Absorbine Cheers 100 Years of Olympic Equestrian Events

The 2012 London Olympic Games marks the 100th year of Olympic Equestrian Events in the modern Olympics. We’re celebrating a big anniversary ourselves here at Absorbine® – 2012 marks the 120th year that we’ve been providing quality horse care products, starting with  our flagship Absorbine® Veterinary Liniment.  In honor of both milestones, we’d like to take a look at how far the Olympic equestrian events have come in 100 years.

It was in 1912 that the first equestrian competitions were held in modern Olympics. The Games were to be held in Stockholm, Sweden, and Master of the Horse to the Swedish King, Count Clarence von Rosen, had been pushing for equestrian events in the Games for the last six years. He envisioned military representatives competing on horseback, with the intention of driving governments of the world towards the Games. His proposition was accepted, and was received affirmatively: eight nations entered 88 riders in total. Von Rosen introduced the three-discipline Olympic equestrian program that is still in use today, which includes dressage, jumping, and eventing, and involves both team and individual competitions.

1912 Olympic Jumping Ring in Stockholm, Sweden

Although the structure of Olympic equine competition has withstood the tests of time, the demands of each discipline have varied and evolved substantially over the years. The jumping competition in 1912 requested 29 jumping efforts, fences not to exceed 1.4 meters (4.6 feet) in height, and 4 m (13 feet) in width. Dressage was hardly the elegant performance of passage and piaffe that we recognize today, but instead was a test of obedience involving five jumps, and even a rolling painted cylinder that the horse had to jump as it moved towards him. Bonus points if you could hold the reins in one hand! Eventing was a five day effort, which included an endurance ride, cross-country phase, a steeplechase, a jumping round, and a final dressage test.
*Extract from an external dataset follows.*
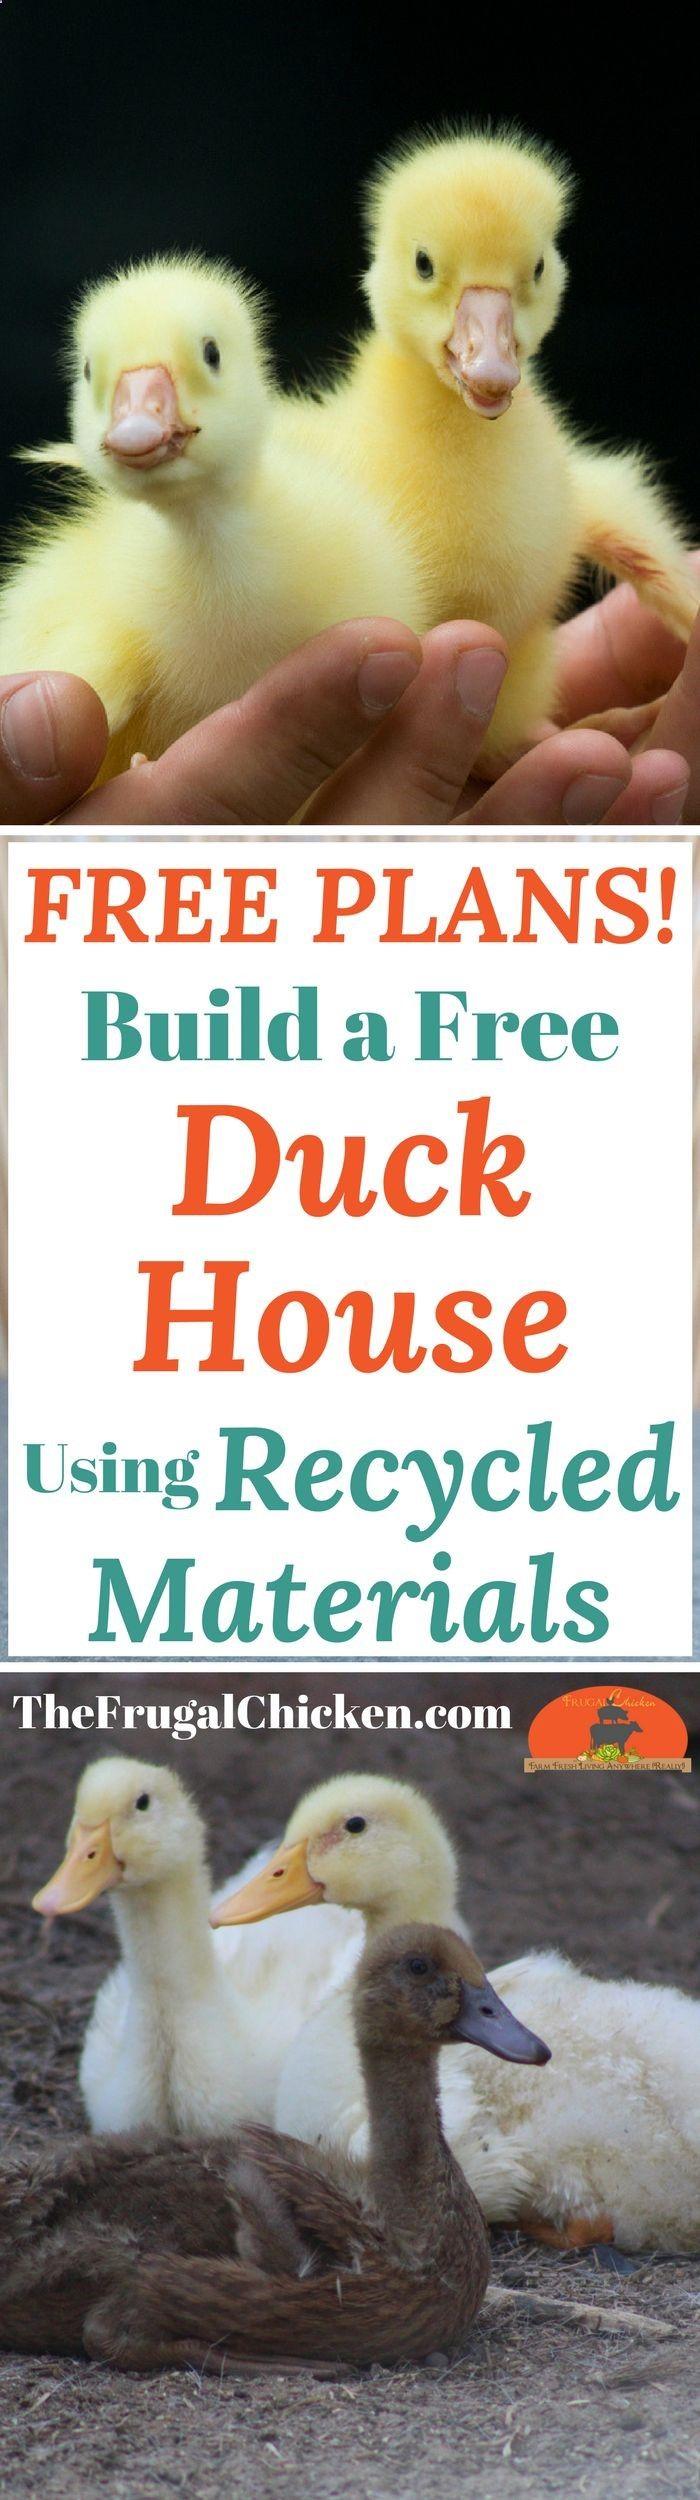 25 Best Ideas About Duck House Plans On Pinterest Duck

1912 Dressage Gold Medalist Carl Bonde of Sweden

Since then, we have seen developments in all three areas of competition. Dressage became the test of flat work movements we recognize today in 1936. In 1952, civilians could compete on horseback; riders no longer had to be military officers. In the same year, women were granted the ability to compete in dressage, however not in jumping or eventing. In 1984, equestrian sports made their first appearance in the Paralympic Games. In 2004, the endurance phase of eventing became the current cross country phase, with the elimination of road and track as well as steeplechase competitions. These, along with many other progressions, developed into the equine events we see in the Olympics today.

Lana Du Pont of the U.S.A., the first woman to compete in eventing in 1964

Throughout the 100 year history of Olympic equestrian competition, an undying consistency that remains is the unifying effect it has on the equestrian community. Despite the vast number of different riding disciplines, breed loyalties, and training philosophies across the United States, we can all agree on one thing when the Olympics commence every fourth summer: the U.S.A .is home to some extraordinarily talented horses and riders.

This summer, we can expect to see some exciting performances from Team U.S.A. The jumping team is riding for their third-straight gold medal in the team event, featuring veteran riders Beezie Madden and McClain Ward alongside worthy newcomers Rich Feller and 18-year-old Reed Kessler. The dressage team is made up of Steffen Peters, Tina Konyot and Jan Ebeling, with Adrienne Lyle riding as an individual only. Eventing for U.S.A. will be five-time Olympians Karen O’Connor and Phillip Dutton, along with Boyd Martin, Tiana Coudray, and Will Coleman. It’s a promising line-up, complete with some truly outstanding horses.

Beezie Madden at the 2008 Olympics in Beijing, where Team U.S.A. went gold

As we each watch our country’s riders in the coming weeks, we support them as an entire equine community. When rider and horse sail over towering fences, transition into passage, and gallop over daunting obstacles, we will respect the intense training it took for them to arrive where they are because we’ve all worked hard to achieve our own victories in the saddle. We’ll admire the flawless presentation of each horse, as we know the feeling of pride that comes after a thorough grooming. As they pat their mount after a successful round, we’ll feel that delight too, because we’ve all been pleased with our horses after a great ride. The 2012 Olympics are a chance for the equine community to unite over the love of horses, as we have been doing for the last 100 years, and more.  Thanks for reading as Absorbine cheers 100 years of Olympic Equestrian Events!